Besides the vacuum cleaners, irons and extra sheets that parents bought in September, some students walk away from mugs filled with sizable sums of coins, according to Lambert, who is an associate professor at Penn State’s School of Hospitality Management.
“A lot of the items would indicate that they are more of a privileged group than a previous generation,” she said.
At Pomona College, dean of campus life M. Ricardo Townes stressed the positive as the student volunteers scoured rooms for things they would later truck to charities for what is expected to be an annual event.
“There is a spirit of sustainability around here, of reusing things as opposed to just throwing things away,” Townes said.
For example, many of the fridges would go to animal shelters to keep medicine chilled.
Officials from some of the charities seemed awed by the scale of it all.
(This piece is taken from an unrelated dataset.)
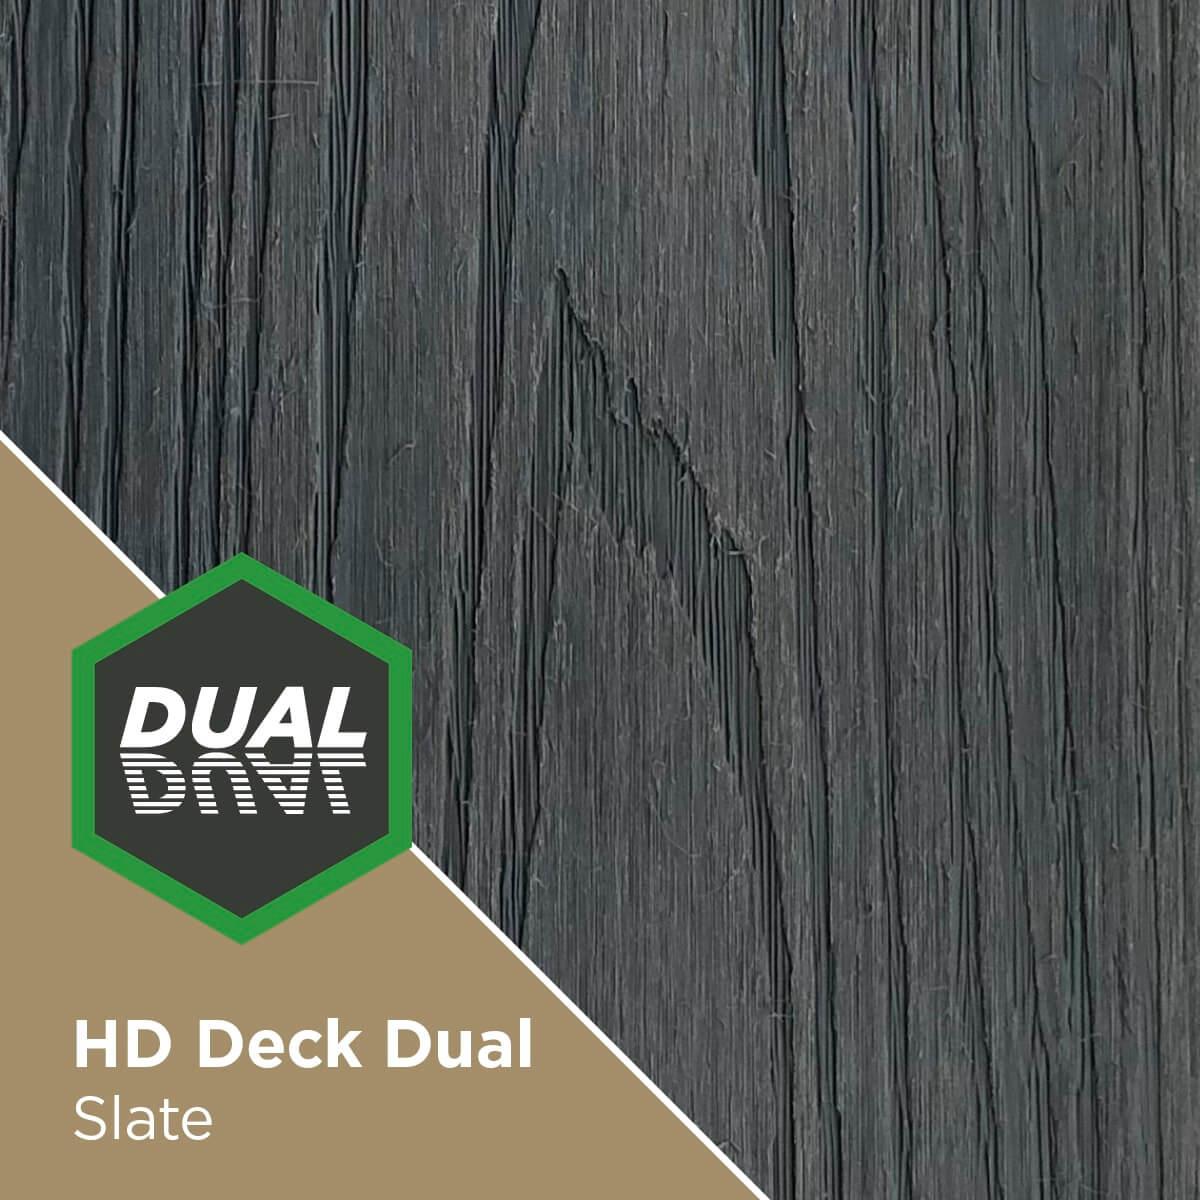 HD Deck Dual Slate

Nancy Dufford, a coordinator at Uncommon Good, a Claremont-based agency that helps low-income families, was picking out couches, fans, mirrors, school supplies and toys.
“We’re thrilled,” she said. “Our families will definitely benefit from this.”
Seeking storage
Pomona College allows returning students to store just five boxes of items over the summer, and some schools, such as Pepperdine University and USC, don’t provide any storage. As a result, some students chip in to rent off-campus storage units for the summer so they can hold on to the comforts and gizmos of home until fall.
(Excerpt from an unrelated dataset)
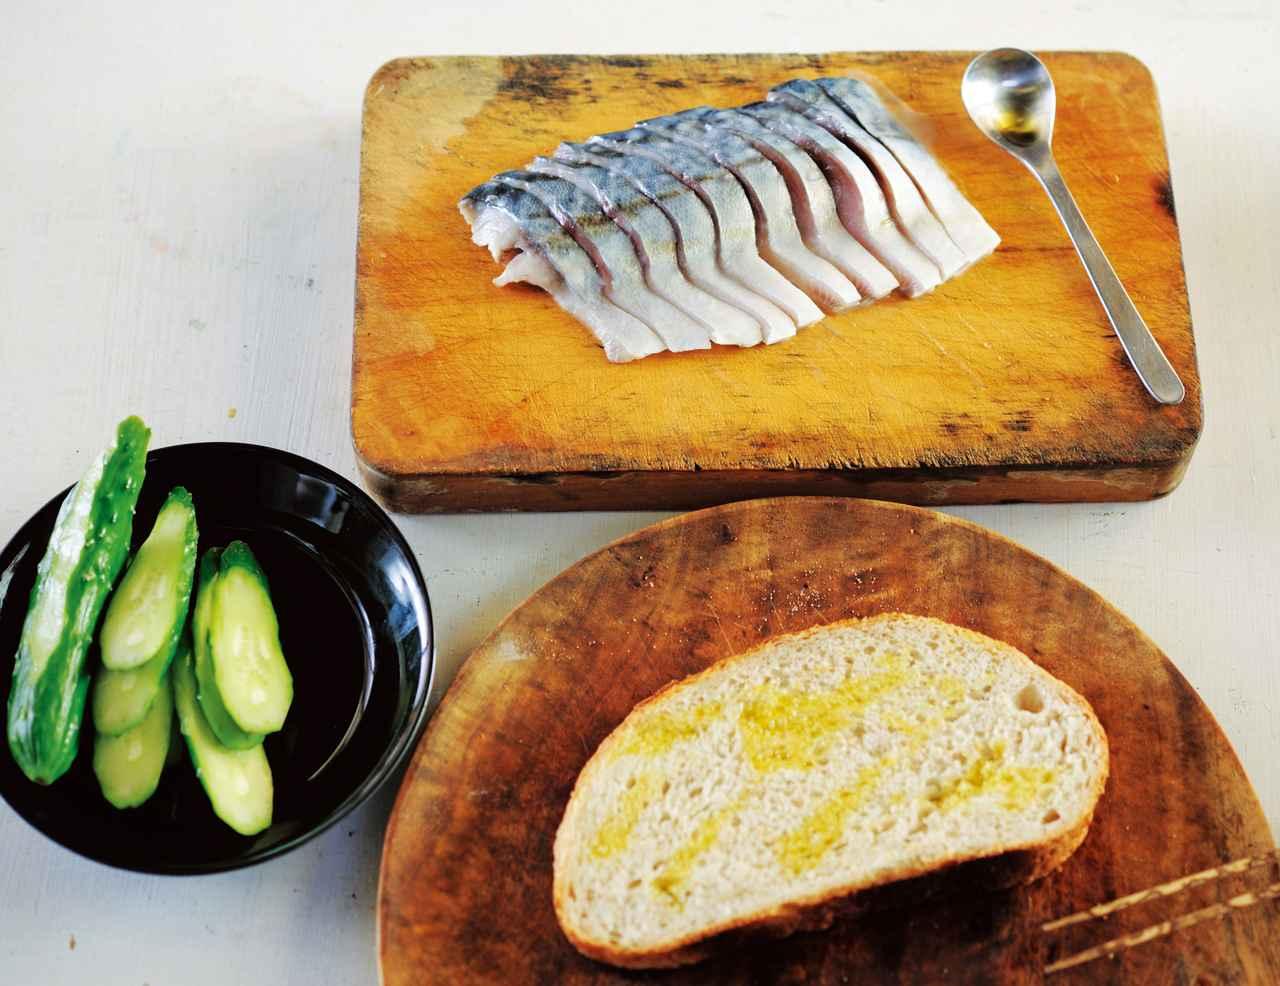 画像: 「自分好みのパンを求めて日々、模索中」。若狭湾と鯖街道で結ばれていた京都は、おいしいさばが手に入りやすい

Kuriakose, who is enrolling next year in a doctoral program in clinical psychology at UC Santa Barbara, says parents are as much to blame as anyone for “rushing out to Target to buy completely new printers and lamps every year.”
Those Mom-purchased items were plentiful at Pomona’s giveaway piles. But so were some oddities: a Molson beer sign, a full bottle of Celine Dion perfume, a pair of boxing gloves, a big blue plush toy horse, a gladiator costume complete with faux sword, a Weapons & Warriors Castle Combat set and a box of Hemp Plus Brownie Mix.
Then there was a woman’s leathery outfit that could have been a dominatrix costume for Halloween, or maybe not. (“That was really awkward,” Kuriakose said. “We decided not to put that into the church yard sale pile.”)
Joint effort
Other schools are contributing in a big way, positioning bins on campus to receive discards. Students at Pepperdine and Loyola Marymount University recently donated about 11,000 pounds of clothes and shoes to Planet Aid, which sponsors development and health projects in Africa and Asia.
USC transferred large amounts to the Midnight Mission for the homeless. Next month, UCLA will be working with the Out of the Closet thrift stores that help HIV and AIDS patients, and UC Irvine will aid several organizations, including literacy programs run by Better World Books.
Recent USC graduate Erin Tsukamoto, who helped organize the collection there, said she gave away some of her bedsheets, towels and casual Southern California clothes she won’t need for her upcoming school administration job in Boston.
“I have accumulated a lot over the last four years, and I consider myself a minimalist,” she said.
And yet for all the things students do leave behind, it’s worth noting what they don’t.
At Pomona, some beer and vodka was found but no drugs, no obvious contraband, no stashes of illegally copied CDs. “I think everything illegal is pretty precious to students,” Kuriakose said. “I think they are careful to pack it up.”